Literary. Gothic often evokes literary conventions and in some cases might strive to be a literary work completely, wrapped in the trappings of science fiction.
SciFi Horror. This subgenre might include Gothic elements (horror, creepiness, atmosphere, etc).
Gothic Science Fiction isn't for you if
If you prefer your Sci Fi to be about a completely rational and nameable universe. If you find the coalescing of the supernatural and the rational more absurd than engaging.
- 1 Frankenstein
By Mary Shelley. Arguably the first Sci Fi novel and one that is also very much part of the Gothic tradition.
- 2 Rogue Moon
By Algis Budry. A novel that makes the reader confront death.
- 3 I Am Legend
By Richard Matheson . One of the first to make vampirism or zombies have a scientific origin with plenty of medical inquiry and rational causation provided.
- 4 The Coldfire Trilogy
By C.S. Friedman. A mix of science, aliens, and magic taking place on another planet.

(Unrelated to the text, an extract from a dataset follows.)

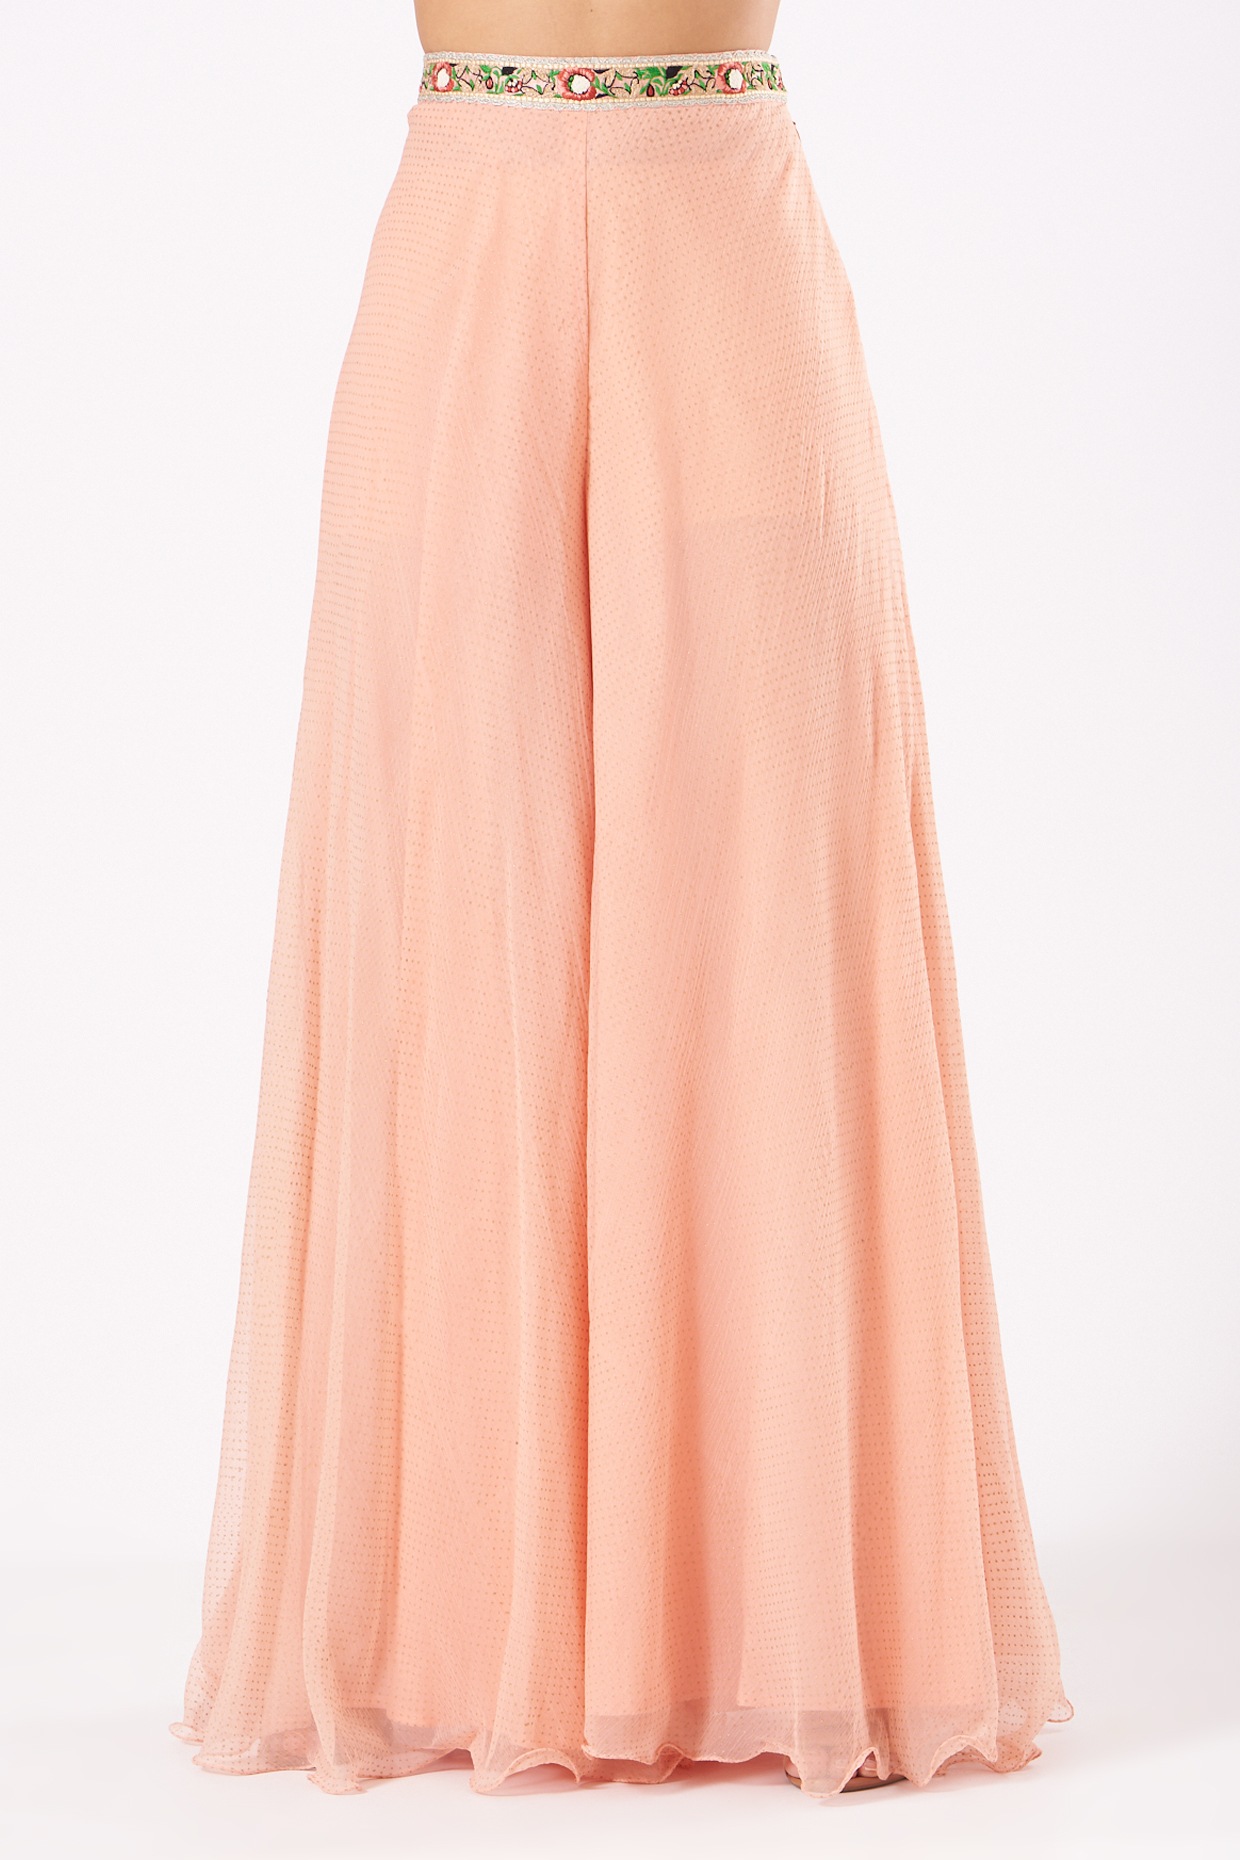 Buy Peach Color Rayon Palazzo Online at Low Prices in India - Paytmmall.com

- 5 The Strange Case of Dr. Jekyll and Mr. Hyde
By Robert Louis Stevenson. A dark story that touches on morality, psychology, and scientific physical transformation.
- 6 Cthulhu Mythos
By H.P. Lovecraft. These stories embody the horror aspect of the Gothic tradition while embracing Sci Fi elements like other dimensions and aliens.
- 7 Lytton The Coming Race
By Edward Bulwer A utopia, an underground lost world with a society that revolves around an electromagnetic power source that fuels flying machines and telepathy.
- 8 The Tommyknockers
By Stephen King. A Gothic horror story with a Sci Fi bend: mystery, alien space craft, and technology that comes alive.
- 9 The Wolfen
By Whitley Strieber. A plausible and scientific explanation for creatures similar to werewolves set in decaying city.
- 10 The Great Book of Amber
By Robert Zelazny. A 10 book chronicle--these stories combine other worlds, magical elements, mystery, shadow, and science.